Parte de una reforma que no llega

Mediante un comunicado emitido ayer mismo (18 de junio) la Conferencia de Obispos Católicos de Estados Unidos (USCCB por sus siglas en inglés) acogió “con beneplácito” la decisión de la Corte Suprema. Esta decisión, dicen los obispos, muestra que la administración Trump “no siguió los procedimientos administrativos necesarios” para derogar el programa DACA.

Los prelados, que han defendido a los “Dreamers” exigiendo que haya un camino viable para la ciudadanía plena de cada uno de ellos y una reforma migratoria integral, señalan en su comunicado que los seguirán defendiendo, a ellos y a sus familias pues son “una parte vital de nuestra Iglesia y de nuestra comunidad de fe”

Además, instaron al presidente Trump a reconsiderar la finalización de un programa como el DACA dado que «las comunidades de inmigrantes realmente están sufriendo ahora en medio de COVID-19 y avanzar con esta acción innecesariamente coloca a muchas familias en mayor ansiedad y caos».

Finalmente, los obispos de la USCCB, encabezados por el arzobispo de Los Ángeles, José H. Gómez, pidieron a los senadores que aprueben un camino para la ciudadanía de los “Dreamers”, poniendo en primerísimo lugar la dignidad humana y el futuro de estos hombres y mujeres y superando el partidismo que ha retrasado una legislación adecuada.

Intercambio de tuits

Mientras el presidente Trump tuiteaba diciendo que «estas decisiones horribles y políticamente cargadas que salen de la Corte Suprema son disparos de escopeta en la cara de personas que se enorgullecen de llamarse republicanos o conservadores», muchos líderes católicos reaccionaron positivamente nada más saber la determinación.

«Gracias a Dios, la Corte Suprema reconoció la dignidad humana de los beneficiarios de #DACA», tuiteó el obispo John E. Stowe de Lexington (Kentucky), mientras que el arzobispo Gustavo García-Siller de San Antonio (Texas) tuiteó: «DACA jóvenes adultos y familias, hoy sus lágrimas son lágrimas de alegría. ¡Estamos contigo!»

Los beneficiarios del DACA están aliviados, por el momento.
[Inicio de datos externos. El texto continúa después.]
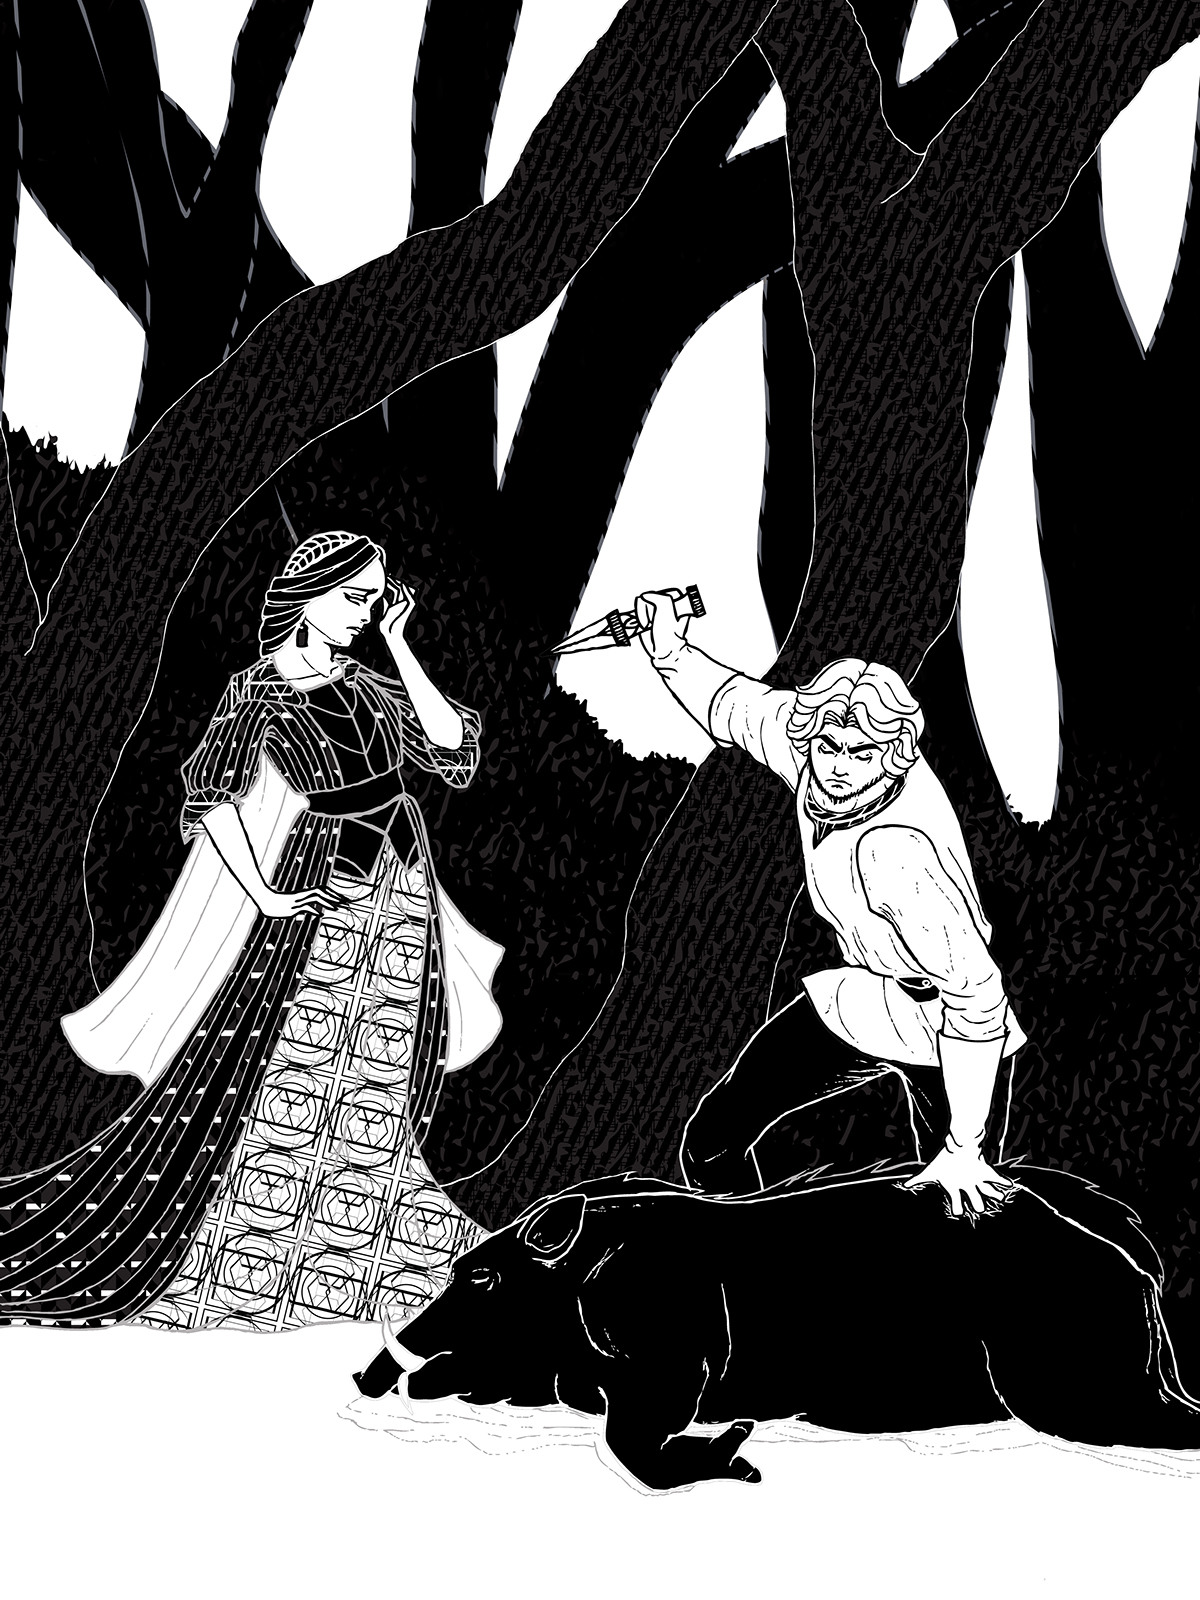 snow white queen huntsman boar wild figures male female man woman girl fairy tale Dark fairy tale grimm forrest

Se han salvado de la amenaza de una deportación inminente a un país que los vio nacer pero no los vio crecer, de cuya lengua apenas si conocen algunas palabras. Pero su estatus a largo plazo continuará en el limbo hasta que el Congreso apruebe una reforma migratoria integral que les otorgue a los “Soñadores” la ciudadanía estadounidense.